こうした動きに中国は反発と警戒を強める。しかし対中包囲網と報じられる動きも、足並みが完全に揃っているわけではない。

「中国が警戒しているのは、経済連携やルール形成などの枠組みが軍事的な意味を持つことです。要するに、いつ“アジア版NATO”になるかが最大の懸念です。しかし(クアッドでは)今はその百歩くらい手前の議論をしていると思います」

「アメリカ側」「中国側」という構造が生まれてきた米中対立において、アメリカの同盟国である日本に期待される役割は大きい。一方で佐橋さんは「必ずしも全ての面でアメリカと一緒に包囲網を作るべきだとは思わない」と指摘する。

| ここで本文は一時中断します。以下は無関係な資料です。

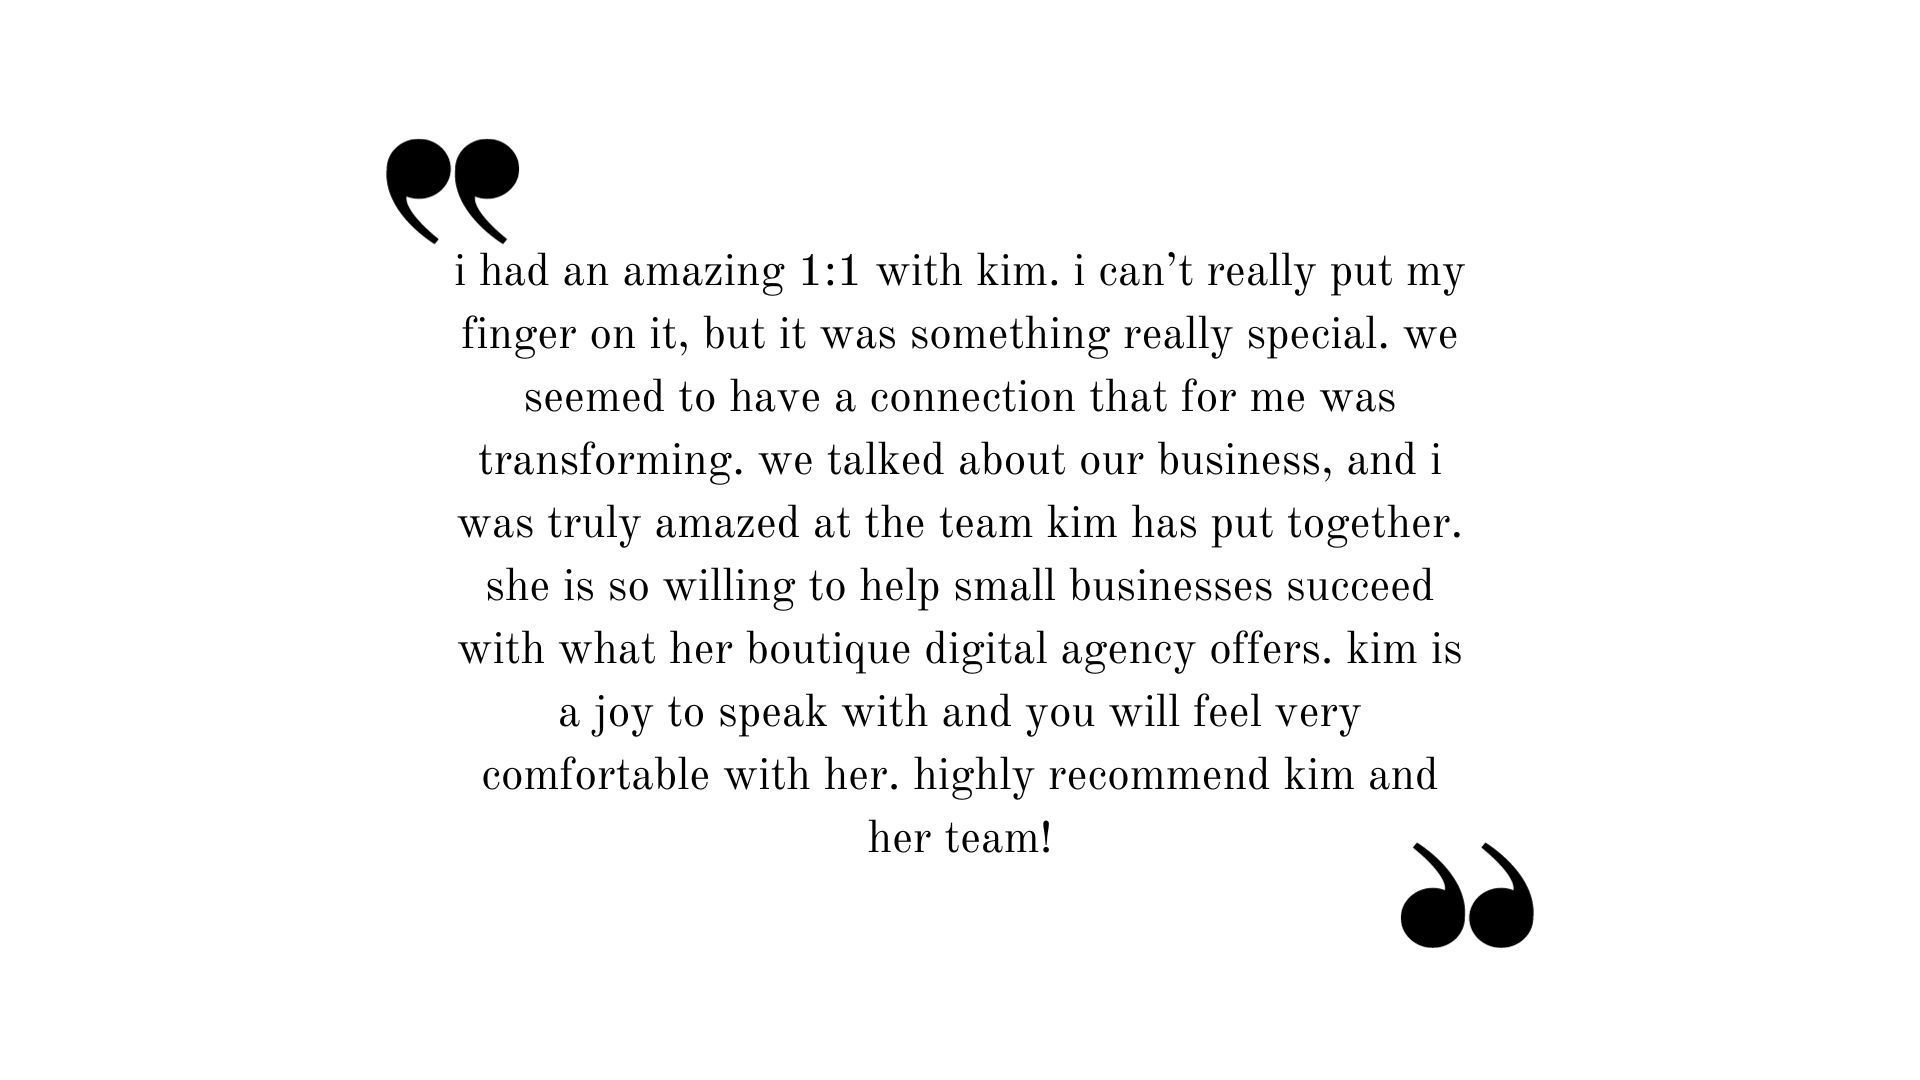 Testimonial: I had an amazing 1:1 with Kim. I can't really put my finger on it, but it was something really special. We seemed to have a connection that for me was transforming. We talked about our businesses, and I was truly amazed by the team Kim has put together. She is so willing to help small businesses succeed with what her boutique digital agency offers. Kim is a joy to speak with and you will feel very comfortable with her. Highly recommend Kim and her team.

経済面でのデカップリング(分離)が進めば、日本の利益にそぐわなくなるからだ。

例えば軍事転用可能な技術の流出防止を掲げた政策などは、行き過ぎてしまえば日本にとって不利な状況を生みかねない。

「アメリカや中国がモノや技術、人の往来を制限し始めていることが日本にとって望ましいことなのか。(その結果)アメリカも中国も自国企業優位になってしまえば、日本の利益にも世界のためにもならない。日本は自由貿易にこだわり、科学技術も本来は開放されているという考えを保つべき。そのうえで安全保障上の懸念を盛り込むべきです」

中国を念頭に置いたアメリカの政策には「自国中心主義だと感じることが多々ある」と佐橋さん。来日したバイデン大統領の提唱したIPEFにも次のような評価を下している。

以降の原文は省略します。